Data records

----

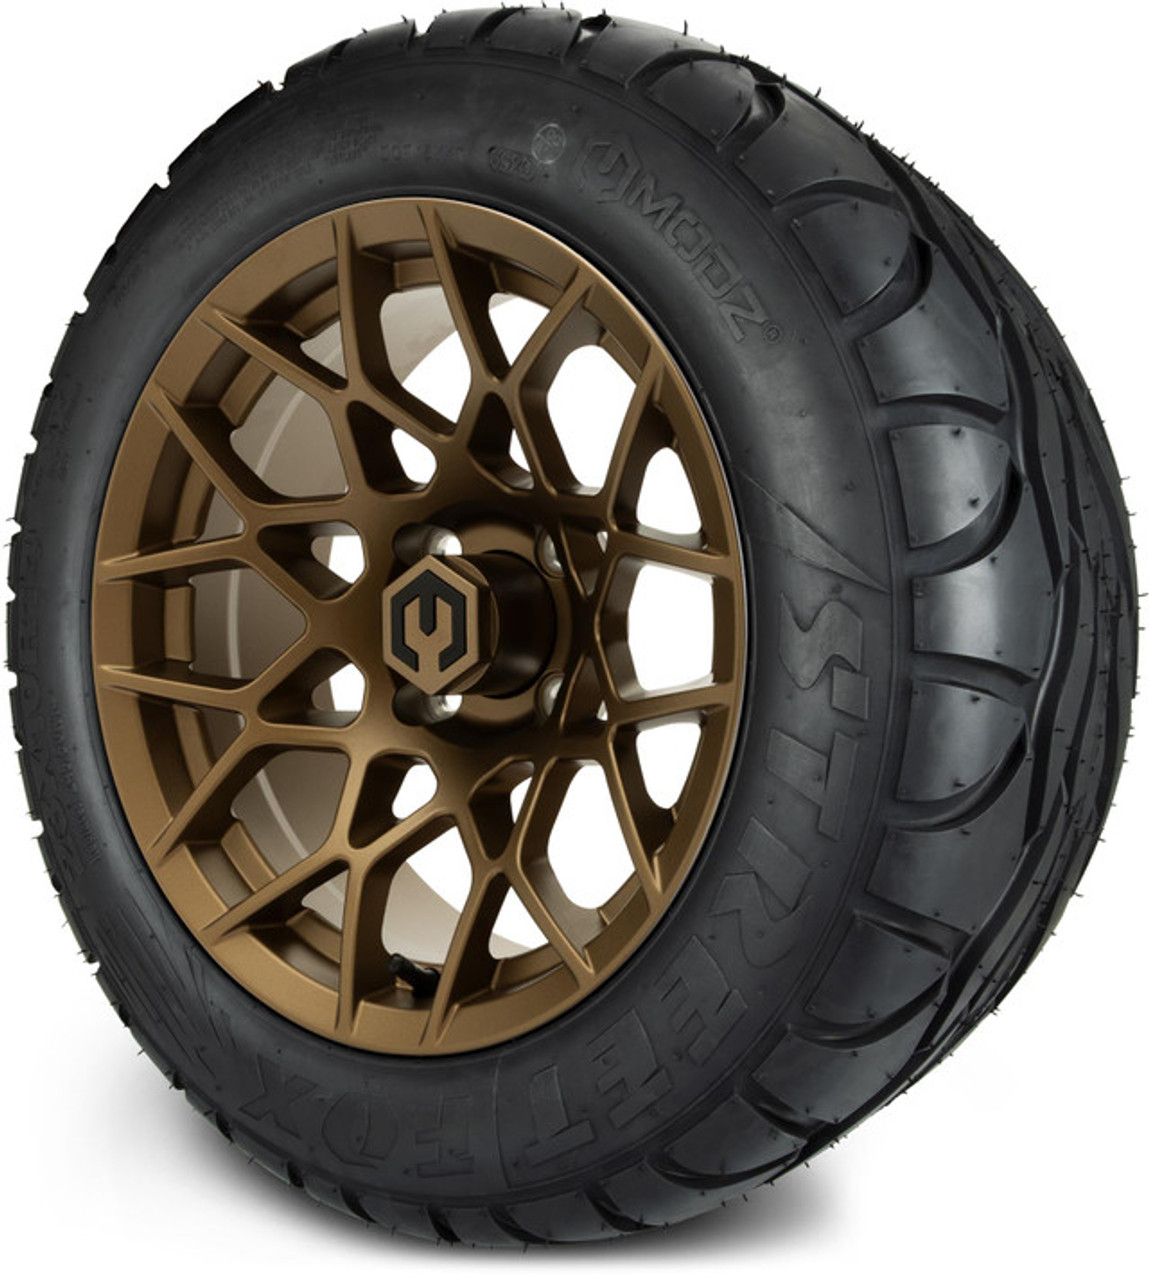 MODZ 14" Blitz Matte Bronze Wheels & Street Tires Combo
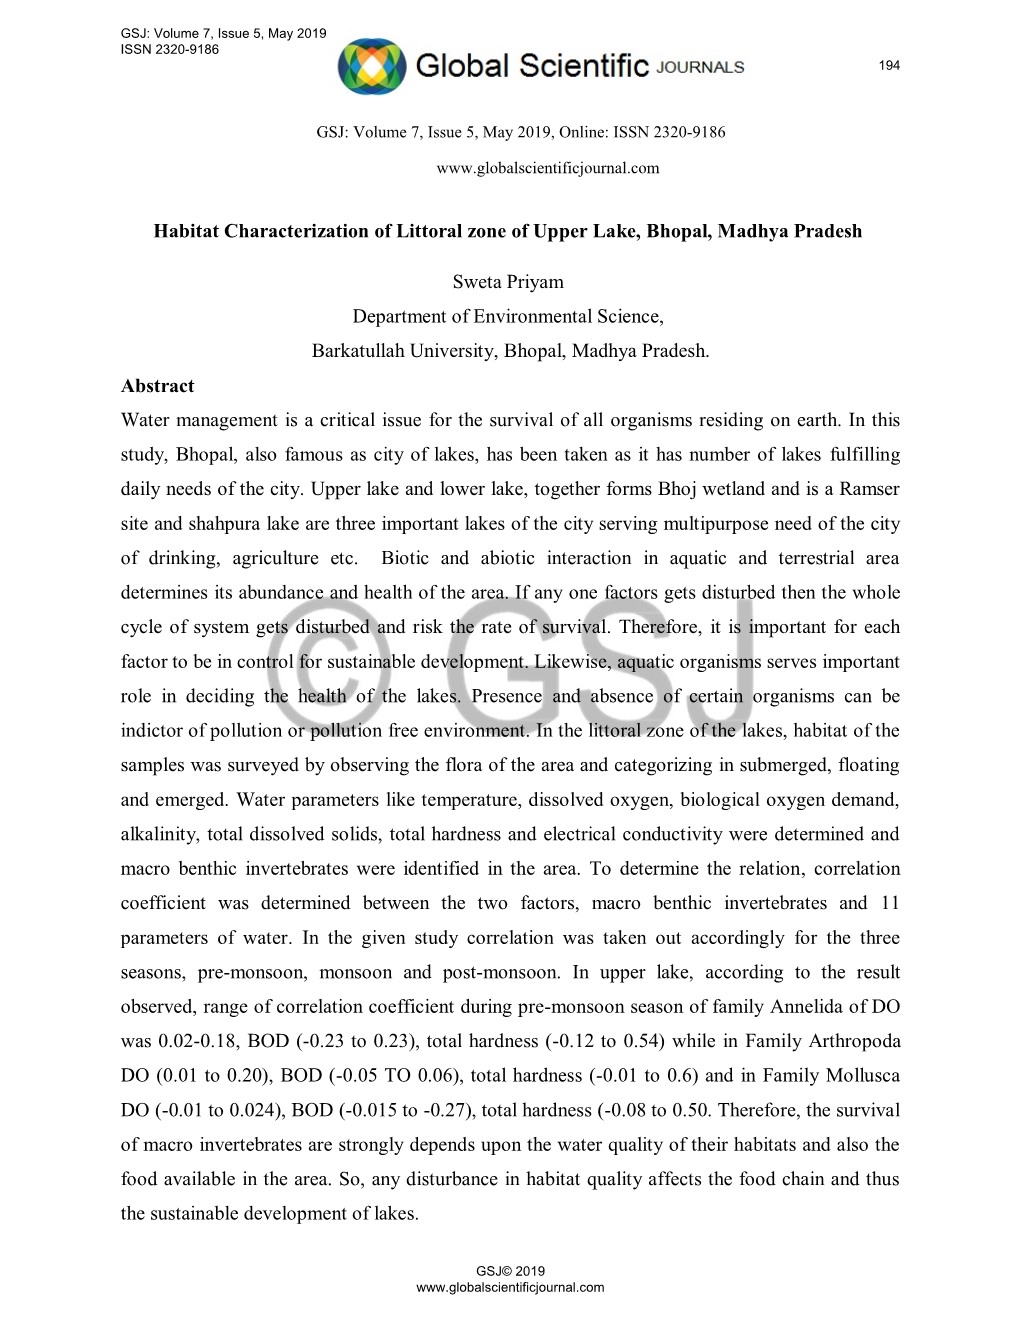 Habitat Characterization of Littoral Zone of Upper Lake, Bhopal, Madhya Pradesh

----

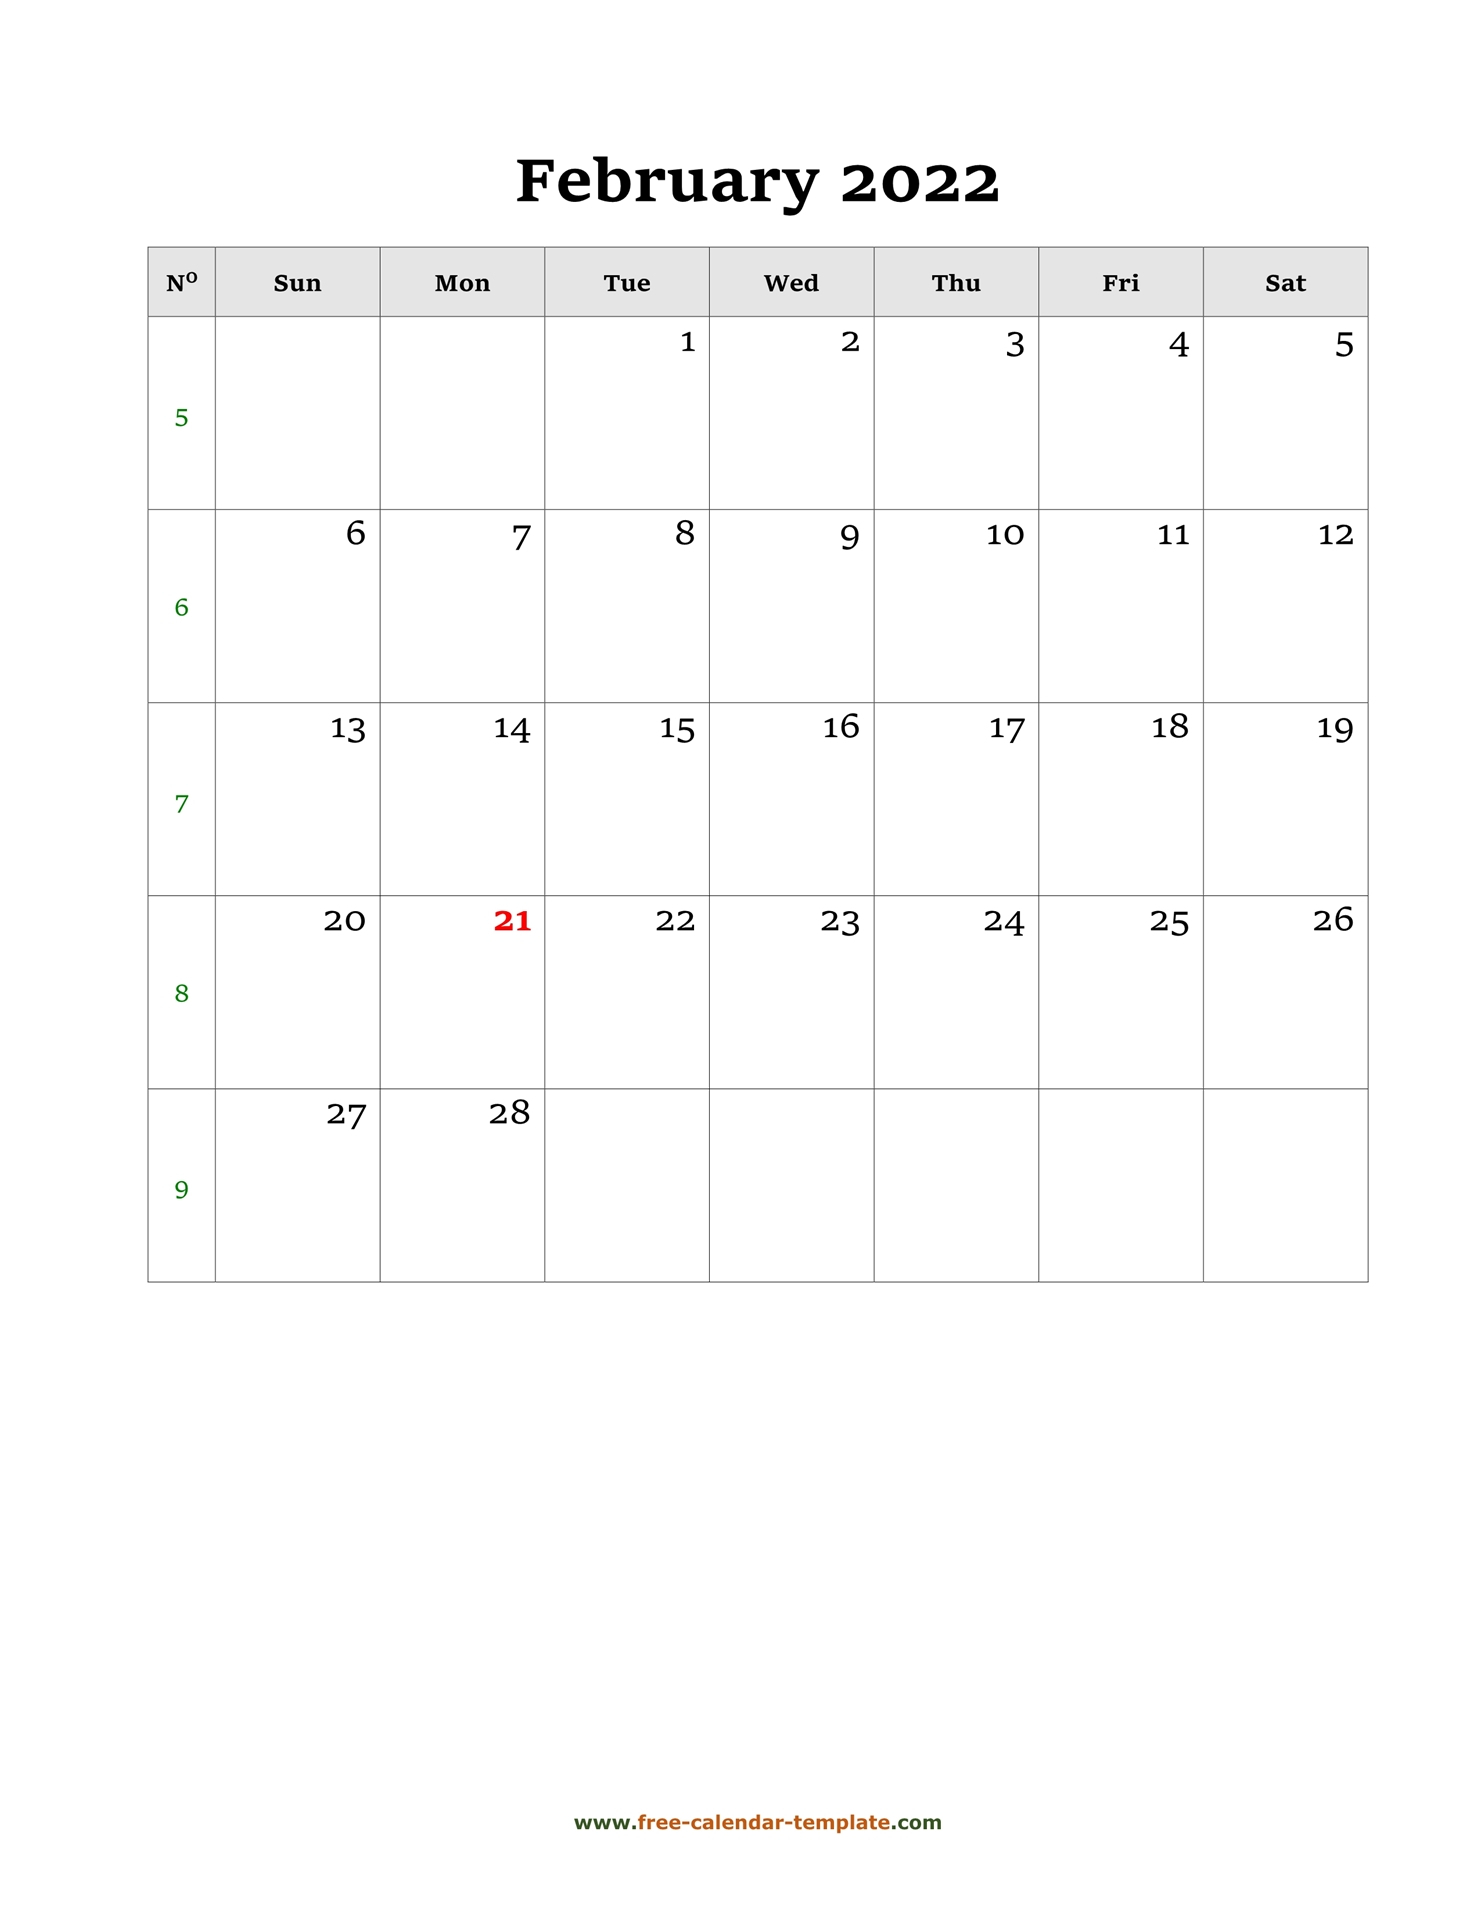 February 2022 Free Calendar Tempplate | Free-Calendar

----

Exercise
The output is the stretch above from the line with "Street Tires Combo" through the line with "Habitat Characterization of", copied word for word with both ends kept and every picture dropped.

Task output
 MODZ 14" Blitz Matte Bronze Wheels & Street Tires Combo
 Habitat Characterization of Littoral Zone of Upper Lake, Bhopal, Madhya Pradesh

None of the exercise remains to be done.